▸ **Exercise**: Copy exactly the run of lines that begins at the line with "Så här eleganta" and ends at the final line of the entries.

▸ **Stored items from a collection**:
=== Begin Enclosure ===
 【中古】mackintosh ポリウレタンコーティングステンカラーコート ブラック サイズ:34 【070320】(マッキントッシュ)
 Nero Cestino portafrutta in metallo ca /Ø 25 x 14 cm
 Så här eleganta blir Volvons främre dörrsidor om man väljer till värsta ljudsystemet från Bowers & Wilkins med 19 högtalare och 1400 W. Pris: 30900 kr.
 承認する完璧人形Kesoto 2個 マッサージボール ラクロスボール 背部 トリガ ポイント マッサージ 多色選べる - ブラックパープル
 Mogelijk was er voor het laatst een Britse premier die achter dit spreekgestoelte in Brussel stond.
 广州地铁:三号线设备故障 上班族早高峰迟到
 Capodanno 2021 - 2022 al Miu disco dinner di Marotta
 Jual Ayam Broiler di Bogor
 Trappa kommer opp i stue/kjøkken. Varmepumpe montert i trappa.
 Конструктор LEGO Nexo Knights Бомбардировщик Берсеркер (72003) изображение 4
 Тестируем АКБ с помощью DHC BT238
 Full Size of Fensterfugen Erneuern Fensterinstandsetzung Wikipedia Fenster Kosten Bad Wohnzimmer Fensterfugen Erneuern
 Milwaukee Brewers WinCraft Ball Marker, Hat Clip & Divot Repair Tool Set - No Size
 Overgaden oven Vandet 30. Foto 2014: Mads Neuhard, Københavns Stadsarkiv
=== End Enclosure ===
▸ **Exercise answer**:
 Så här eleganta blir Volvons främre dörrsidor om man väljer till värsta ljudsystemet från Bowers & Wilkins med 19 högtalare och 1400 W. Pris: 30900 kr.
 承認する完璧人形Kesoto 2個 マッサージボール ラクロスボール 背部 トリガ ポイント マッサージ 多色選べる - ブラックパープル
 Mogelijk was er voor het laatst een Britse premier die achter dit spreekgestoelte in Brussel stond.
 广州地铁:三号线设备故障 上班族早高峰迟到
 Capodanno 2021 - 2022 al Miu disco dinner di Marotta
 Jual Ayam Broiler di Bogor
 Trappa kommer opp i stue/kjøkken. Varmepumpe montert i trappa.
 Конструктор LEGO Nexo Knights Бомбардировщик Берсеркер (72003) изображение 4
 Тестируем АКБ с помощью DHC BT238
 Full Size of Fensterfugen Erneuern Fensterinstandsetzung Wikipedia Fenster Kosten Bad Wohnzimmer Fensterfugen Erneuern
 Milwaukee Brewers WinCraft Ball Marker, Hat Clip & Divot Repair Tool Set - No Size
 Overgaden oven Vandet 30. Foto 2014: Mads Neuhard, Københavns Stadsarkiv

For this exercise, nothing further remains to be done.